Having arranged your domestic affairs, you cast your eyes over the country. You saw it smoking with the blood of its martyrs, heaped with numerous victims, and, at every step, inspiring only ideas of vengeance. But you saw the ruffian soldier, the insolent pettifogger, the greedy tax-gatherer, lord it without contradiction; and the Corsican, groaning under the weight of triple chains, neither daring to think of what he was, nor to reflect on what he still might be. You said to yourself, in the joy of your heart, "Things go on well, and the only thing is to keep them so." And straightway you leagued yourself with the soldier, the pettifogger, and the tax-gatherer. The only point now to be attended to was, to procure deputies who should be animated by congenial sentiments; for, as to yourself, you could never suppose that a nation which was your enemy would choose you for her representative. But you necessarily changed your opinion, when the letters of convocation, by an absurdity which was perhaps the result of design, determined that the deputy from the nobility should be appointed by an assembly composed of only twenty-two persons. All that was necessary was to obtain twelve votes. Your associates in the higher council laboured with activity. Threats, promises, caresses, money, all were put in action. You succeeded. Your friends were not so successful among the Commons. The first president failed; and two men of exalted ideas—the one the son, the brother, the nephew, of the most zealous defenders of the common cause—the other a person who had seen Sionville and Narbonne, and whose mind was full of the horrid actions he had seen, while he lamented his own want of power to oppose them;—these two men were proclaimed deputies, and their appointment satisfied the wishes of the nation. The secret chagrin, the suppressed rage, which were every where caused by your appointment, form the best eulogy on the skill of your manœuvres, and the influence of your league.

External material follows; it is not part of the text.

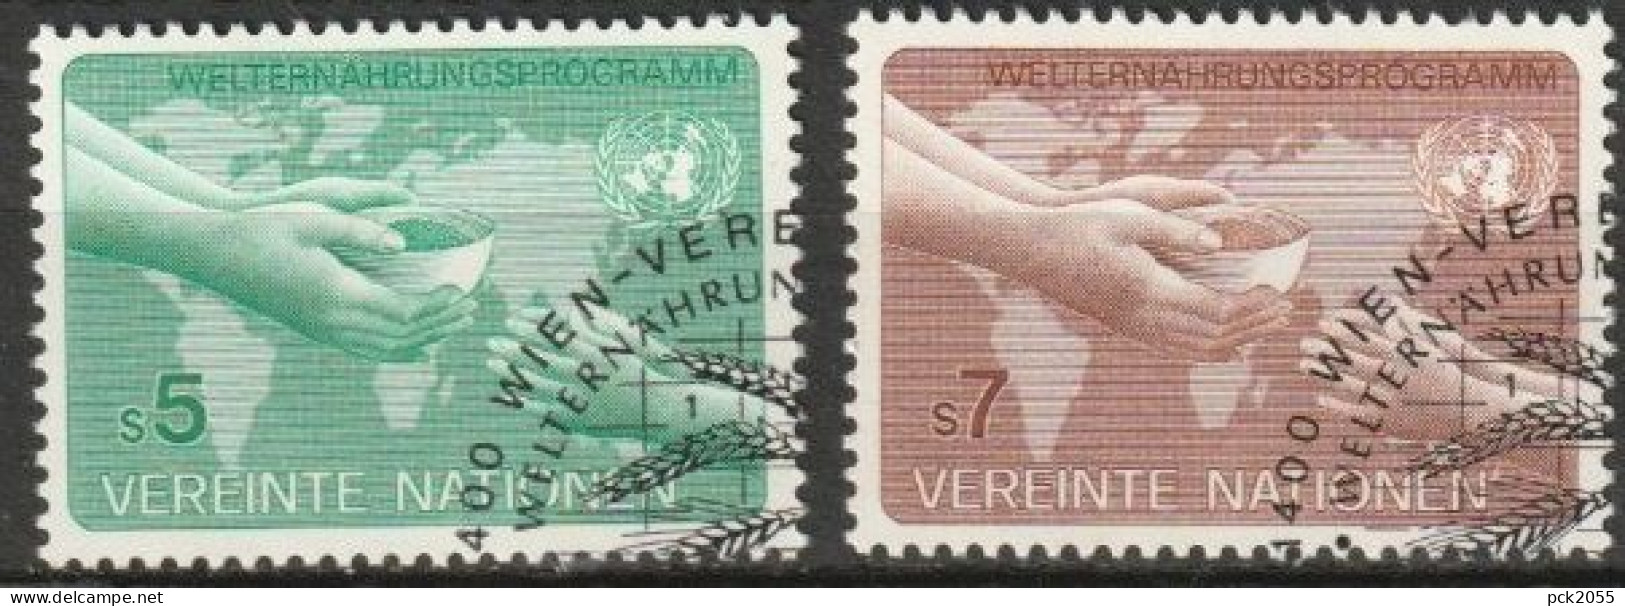 UNO Wien 1983 MiNr.32 - 33 O Gest. Welternährungsprogramm ( 2176 ) - Used Stamps

When you arrived at Versailles, you were a zealous Royalist. When you now arrived at Paris, you must have seen with much concern, that the government, which it was wished to organize upon so many ruins, was the same with that which, in our country, had been drowned in so much blood.

The efforts of the unprincipled were powerless; the new constitution being admired by all Europe, and having become an object of interest to every thinking being, there remained for you but one resource. This was, to make it be believed that this constitution was not adapted to our island; although it was exactly the same with that which had produced such good effects, and which it cost so much blood to deprive us of.